16/01/20 18:37:20 ERROR RBackendHandler: sql on 2 failed
Error in invokeJava(isStatic = FALSE, objId$id, methodName, ...) :
  java.lang.AssertionError: Authorization plugins not initialized!
at
org.apache.hadoop.hive.ql.session.SessionState.getAuthorizationMode(SessionState.java:1511)
at
org.apache.hadoop.hive.ql.session.SessionState.isAuthorizationModeV2(SessionState.java:1515)
at org.apache.hadoop.hive.ql.Driver.doAuthorization(Driver.java:566)
at org.apache.hadoop.hive.ql.Driver.compile(Driver.java:468)
at org.apache.hadoop.hive.ql.Driver.compile(Driver.java:308)
at
org.apache.hadoop.hive.ql.Driver.compileInternal(Driver.java:1122)
at org.apache.hadoop.hive.ql.Driver.runInternal(Driver.java:1170)
at org.apache.hadoop.hive.ql.Driver.run(Driver.java:1059)
at org.apache.hadoop.hive.ql.Driver.run(Driver.java:1049)
at
org.apache.spark.sql.hive.client.ClientWrapper$$anonfun$runHive$1.apply(ClientWrapper.scala:484)
at
org.apache.spark.sql.hive.client.ClientWrapper$$anonfun$runHive$1.apply(ClientWrapper.scala:473)
at
org.apache.spark.sql.hive.client.ClientWrapper$$anonfun$withHiveState$1.appl
...

Any help would be appreciated.

Regards,

Julien


Re: Using Spark, SparkR and Ranger, please help.

2016-01-20 Thread Ted Yu
The tail of the stack trace seems to be chopped off.

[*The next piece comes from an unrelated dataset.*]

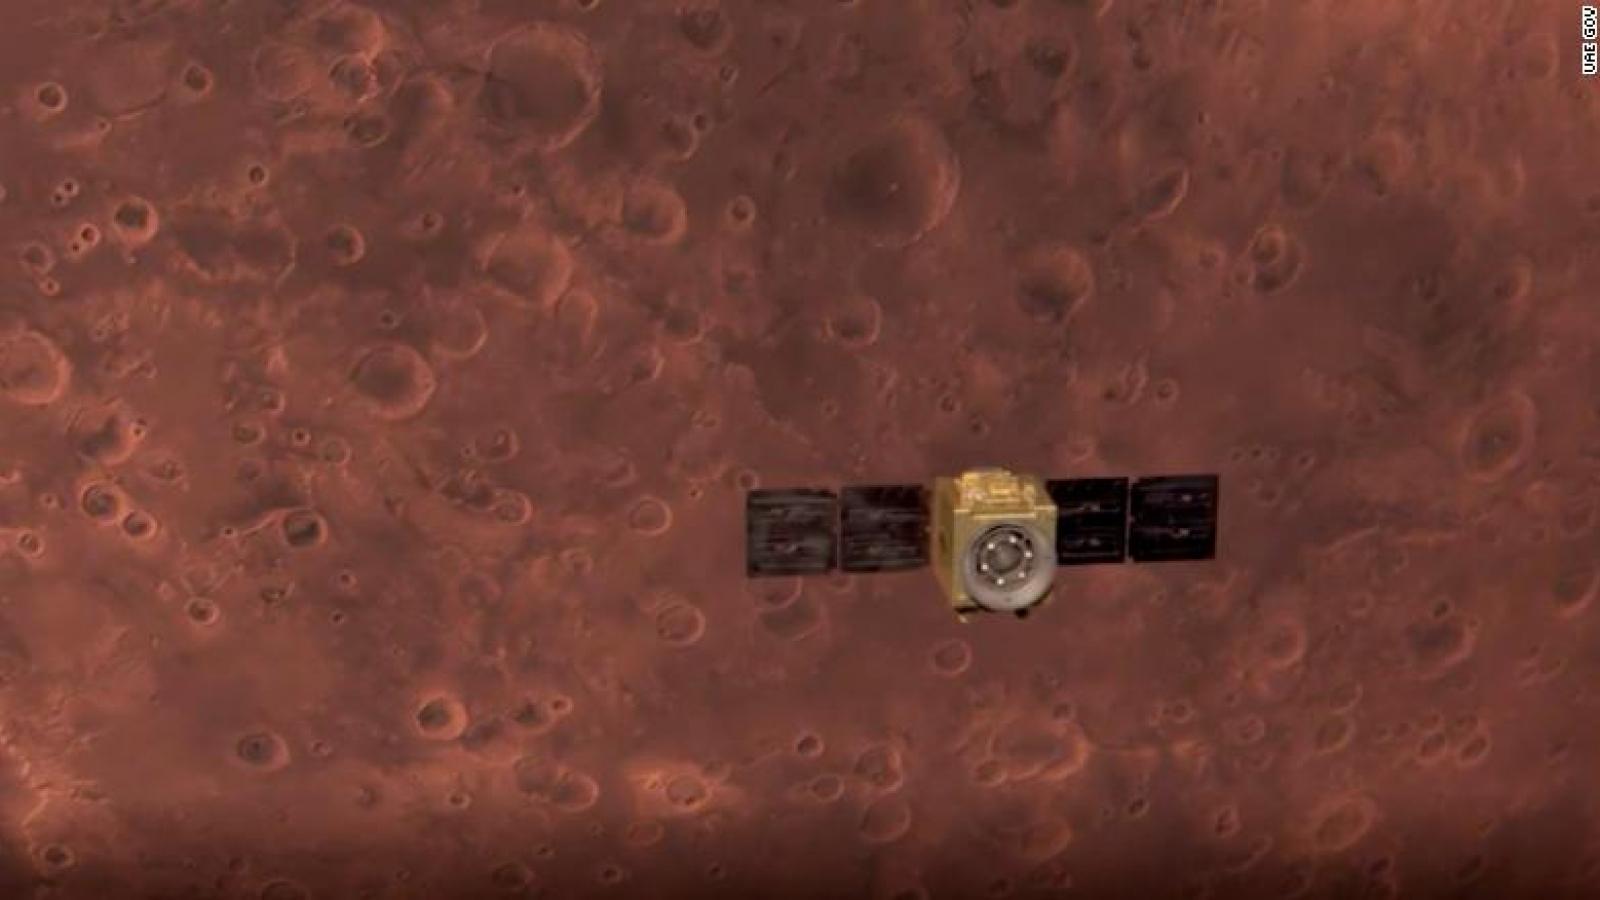 Tàu thăm dò của UAE đã tới quỹ đạo sao Hỏa

Can you include the whole trace ?

Which version of Spark / Hive / Ranger are you using ?

Cheers

On Wed, Jan 20, 2016 at 9:42 AM, Julien Carme 
wrote:

> Hello,
>
> I have been able to use Spark with Apache Ranger. I had the right
> configuration files to Spark conf, I add Ranger jars to the classpath and
> it works, Spark complies to Ranger rules when I access Hive tables.
>
> However with SparkR it does not work, which is rather surprising
> considering SparkR is supposed to be just a layer over Spark. I don't
> understand why sparkR seem to behave differently, maybe I am just missing
> something.
>
> So when I run Spark when I do:
>
> sqlContext.sql("show databases").collect()
>
> it works, I get all my Hive databases.
>
> But in sparkR it does not behave the same way.
>
> when I do:
>
> sql(sqlContext,"show databases")
>
> ...
> Error in invokeJava(isStatic = FALSE, objId$id, methodName, ...) :
>   java.lang.RuntimeException: [1.1] failure: ``with'' expected but
> identifier show found
> ...
>
> From the documentation it seems that I need to instanciate an hiveContext.
>
> hiveContext <- sparkRHive.init(sc)
> sql(hiveContext, "show databases")
>
> ...
> 16/01/20 18:37:20 ERROR RBackendHandler: sql on 2 failed
> Error in invokeJava(isStatic = FALSE, objId$id, methodName, ...) :
>   java.lang.AssertionError: Authorization plugins not initialized!
> at
> org.apache.hadoop.hive.ql.session.SessionState.getAuthorizationMode(SessionState.java:1511)
> at
> org.apache.hadoop.hive.ql.session.SessionState.isAuthorizationModeV2(SessionState.java:1515)
> at
> org.apache.hadoop.hive.ql.Driver.doAuthorization(Driver.java:566)
> at org.apache.hadoop.hive.ql.Driver.compile(Driver.java:468)
> at org.apache.hadoop.hive.ql.Driver.compile(Driver.java:308)
> at
> org.apache.hadoop.hive.ql.Driver.compileInternal(Driver.java:1122)
> at org.apache.hadoop.hive.ql.Driver.runInternal(Driver.java:1170)
> at org.apache.hadoop.hive.ql.Driver.run(Driver.java:1059)
> at org.apache.hadoop.hive.ql.Driver.run(Driver.java:1049)
> at
> org.apache.spark.sql.hive.client.ClientWrapper$$anonfun$runHive$1.apply(ClientWrapper.scala:484)
> at
> org.apache.spark.sql.hive.client.ClientWrapper$$anonfun$runHive$1.apply(ClientWrapper.scala:473)
> at
> org.apache.spark.sql.hive.client.ClientWrapper$$anonfun$withHiveState$1.appl
> ...
>
> Any help would be appreciated.
>
> Regards,
>
> Julien
>